Observation – After the first two Anker beers here it dawns on me that some of the best lagers on Earth come from its East Side.
Tiger – from Singapore. Crisp and floral, grrrr – errrr. Roar. Arf.
Singha – Thailand. High Ethyl, lightly yeasty. The Haffenreffer of the East, oughta come in 40’s.
Steinlager – New Zealand. Zippy, hoppy and light. Suitable for drinking while playing rugby.
Anker (Bali) and Bintang (someplace else in Indonesia) – interchangeable with each other. Both pilsner styles, very clean and perfectly bitter. Wish Pabst would switch to their recipes.
Even Vietnam’s 33 & Hue are tasty treats. I can understand good fuzz juice originating in New Zealand. Maori’s notwithstanding, they’ve got the same beer-swilling crackers as Australia. But what’s with the stuff from the South China Sea? Musta been the Dutch, having got to those parts early. Who knows? But I do know that good American lagers are rare, if not extinct, back home. This has a lot to do with the Big-Boy brewers not really giving a fuck and the microbastards not actually making lager, choosing rather to “interpret” it.
6 PM (Or was it 7, or 8, or something. No, not 8.)
Suppertime. Out to the covered patio-hut bar for a pre-eating cocktail. I had a passion fruit, coconut, vodka & blue curaçao deal. Elisa drank a Piña Colada. Both very tasty, nudging me towards the candy wonders of becoming a girl drink drunk. Fresh exotic fruits & coconuts, see. How could I not succumb?

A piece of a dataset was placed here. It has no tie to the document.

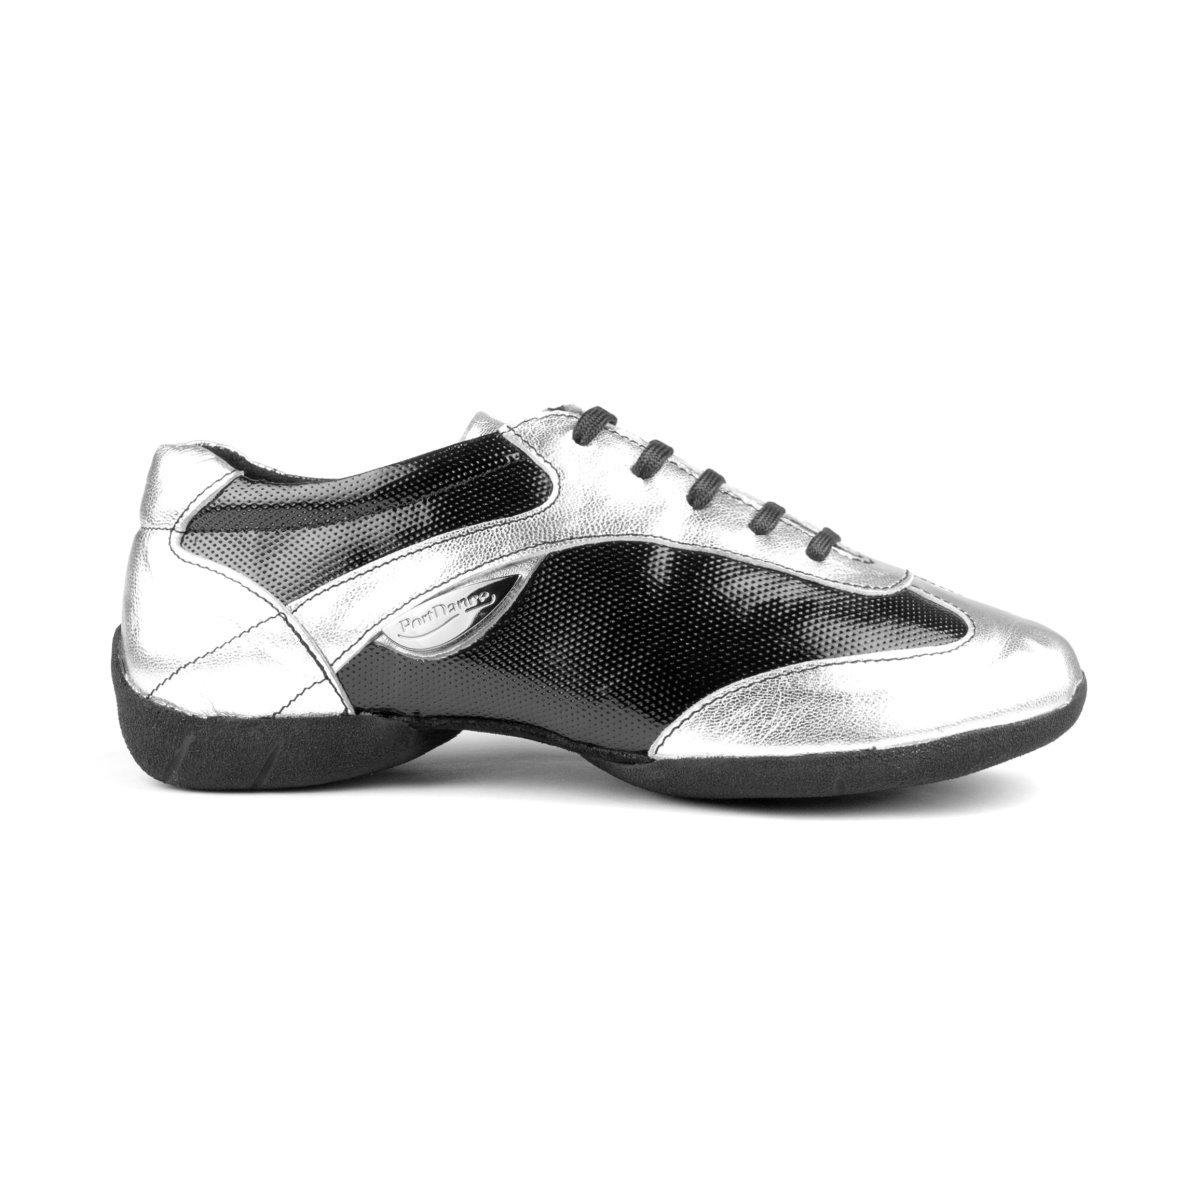 Cuir Noir//Argent Sneaker-Sole Portdance Femmes Dance Sneakers PD06

Then there was dinner: Nasi Goreng, the common Malayo-Indonesian fried rice dish, fried seafood with fries & a separating tartar sauce (f’n hurrah for those Typhus inoculations!) There might have been a third dish. Yes, I’m sure there was. A couple of Anker beers each. Good enough meal – six beverages and supper for two: under twenty bucks.
Off to the Internet Café at the hotel lobby. Two bucks for half an hour of web time? Some insanely cheap rate like that, though I can’t remember. Could barely remember the lady I was writing to, my mother perhaps, as I typed out a Here we are, all’s well note. We were bushed. Real down home, cross-eyed beat. Shoulda emailed everybody for that rate but the weight of the air was becoming an intolerable strain on our eyelids.